Exercise goal
This exercise calls for an exact copy of the listing, with no pictures kept.

The data
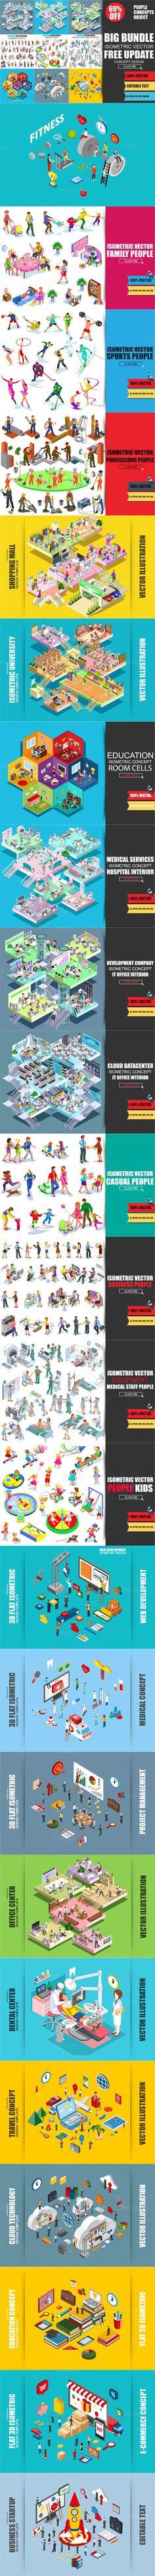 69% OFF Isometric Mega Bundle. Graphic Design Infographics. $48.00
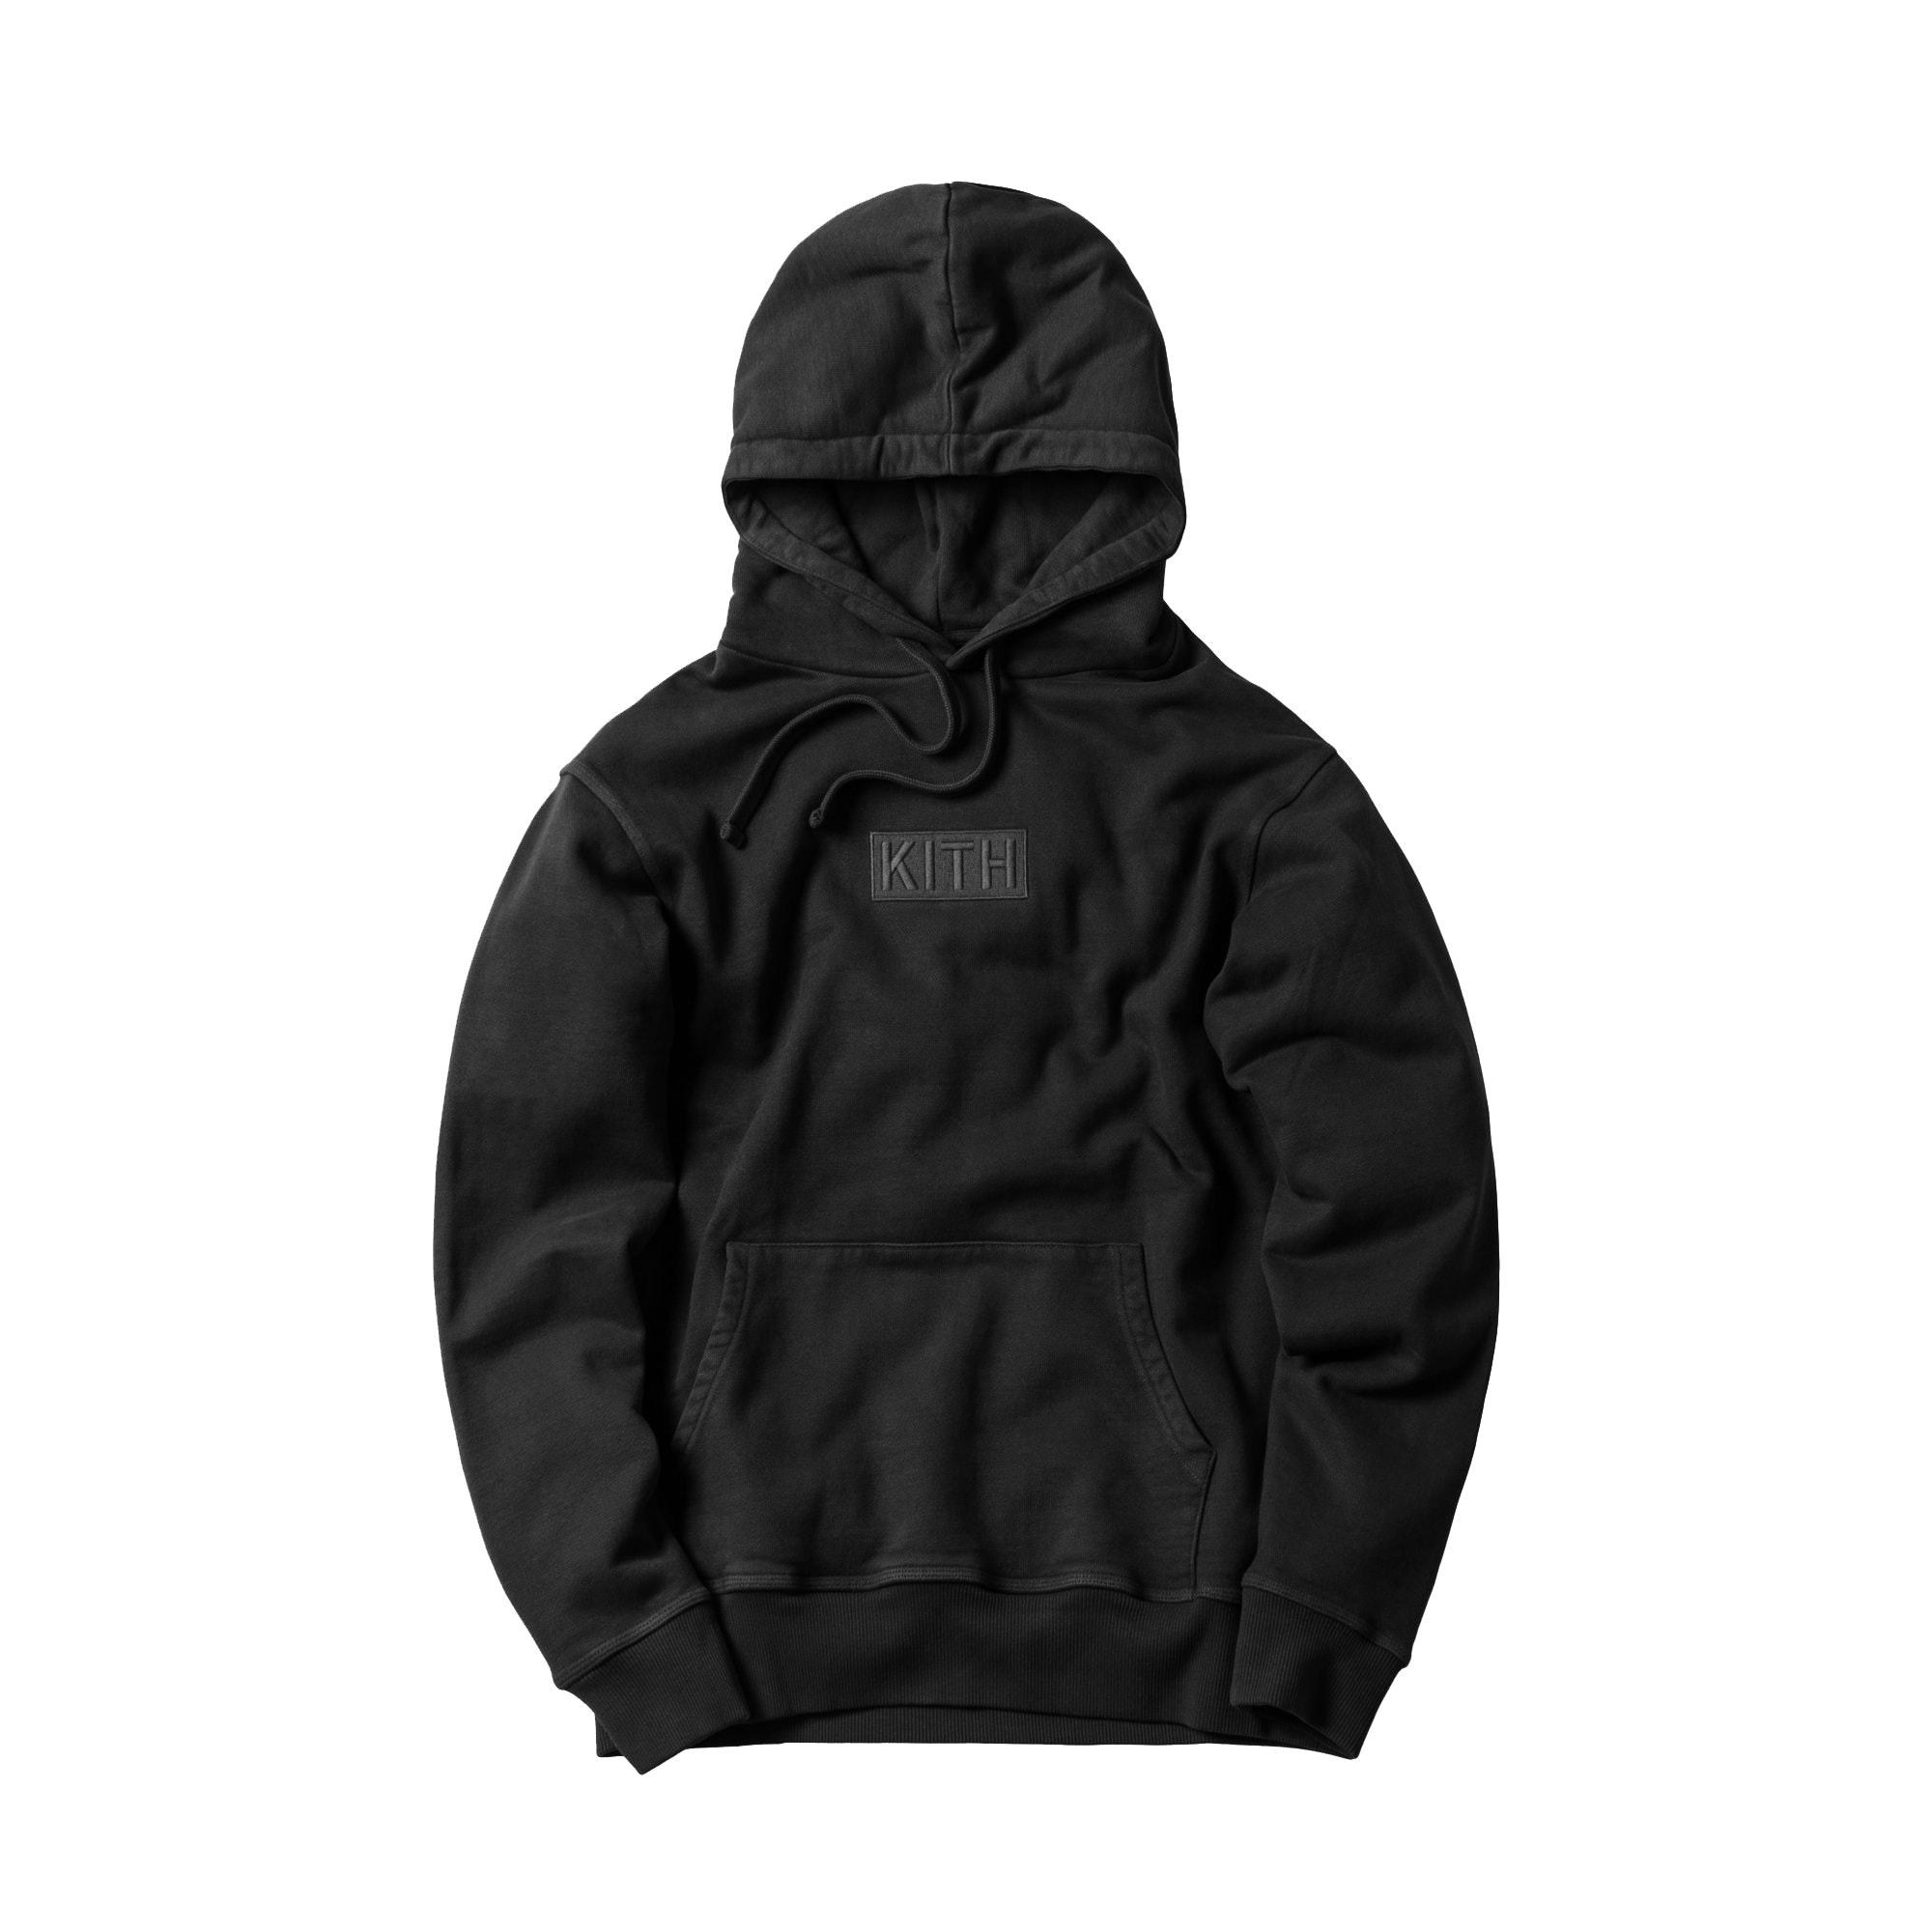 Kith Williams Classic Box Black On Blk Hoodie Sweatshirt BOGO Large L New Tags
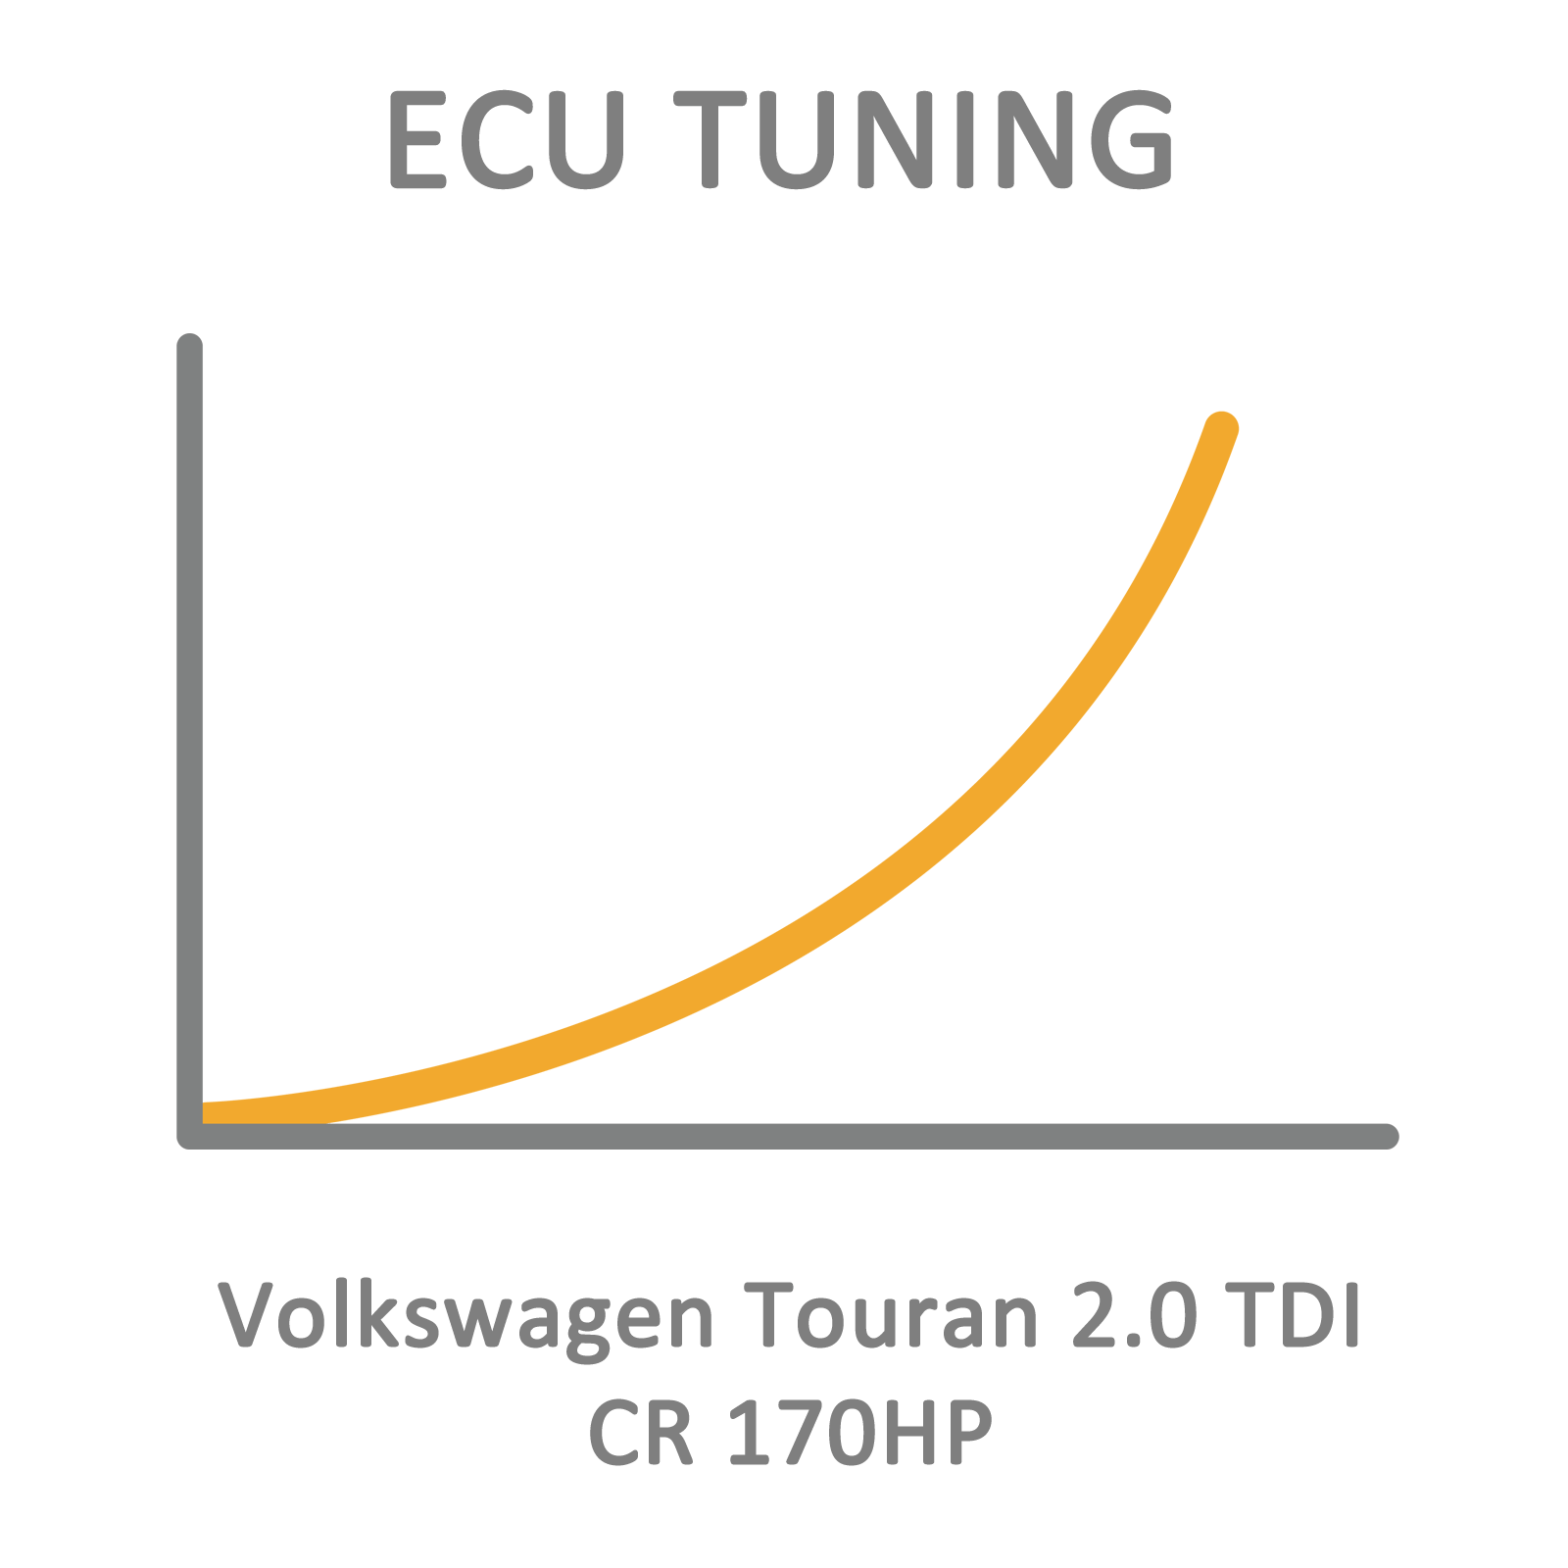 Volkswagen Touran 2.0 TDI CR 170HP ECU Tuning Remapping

Completed task
 69% OFF Isometric Mega Bundle. Graphic Design Infographics. $48.00
 Kith Williams Classic Box Black On Blk Hoodie Sweatshirt BOGO Large L New Tags
 Volkswagen Touran 2.0 TDI CR 170HP ECU Tuning Remapping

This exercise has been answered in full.